Эта техника зарекомендовала себя не только в работе, но и помогала Вишневскому в долгих разговорах с женой. Он считался хорошим слушателем как в профессиональной, так и в приватной сфере.
Главное было не расслабиться слишком сильно и не уснуть, как случилось однажды на заседании правления исторического общества Панкова, почетным членом которого он являлся уже десять лет. Требовалось оставаться бдительным: погруженным в себя, но при этом всегда начеку. Вот сейчас, например, госпожа Мёкель слегка повысила голос, что неизбежно указывало на вопрос.
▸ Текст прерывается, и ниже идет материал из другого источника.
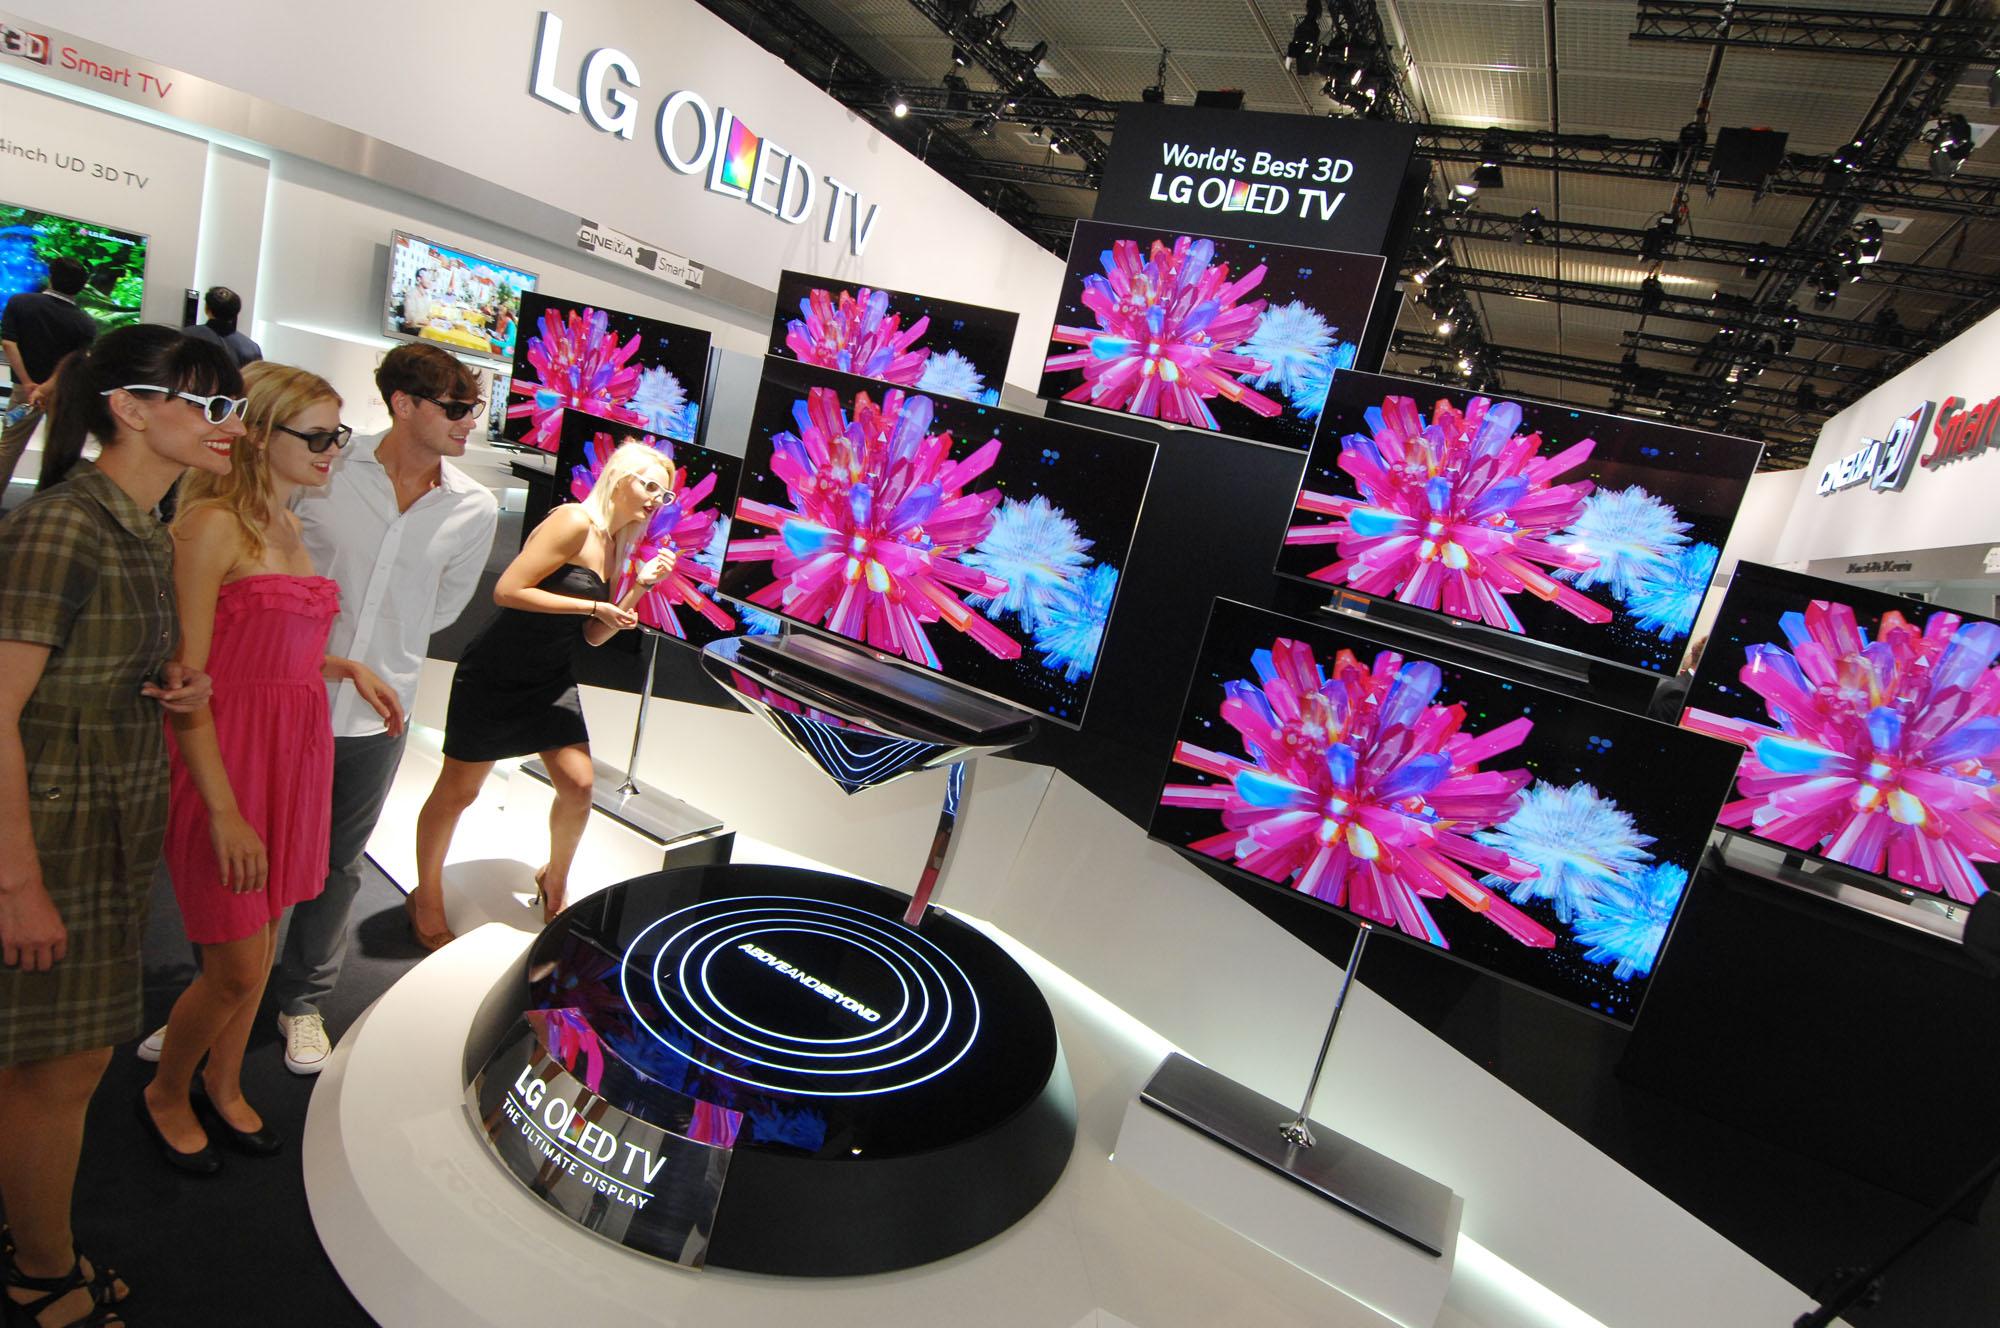 LG OLED TV at IFA 2012 (1)

Вишневский мгновенно вернулся к беседе.
— Один вопрос, господин Вишневский, мне немного неловко, но… не разрешите ли до вас дотронуться?
— Что, простите?
— Ну, можно ли мне потрогать, например, вашу руку? — Не дожидаясь ответа, госпожа Мёкель приложила ладонь к левому предплечью Вишневского и горящими глазами взглянула на него. — Вы не представляете, господин Вишневский, что это ятя меня значит. В прошлом году мы с мужем были в Индии и встретили там старого монаха, он приложил к моему лбу руку, и это было так мощно, так самобытно…
Вишневский опешил. К счастью, госпожа Мёкель убрала руку, и они продолжили путь по длинному школьному коридору. Перед тем как открыть дверь в класс, она сказала:
— Мы с ребятами уже немного затрагивали тему разделения Германии, но не ожидайте от них слишком многого.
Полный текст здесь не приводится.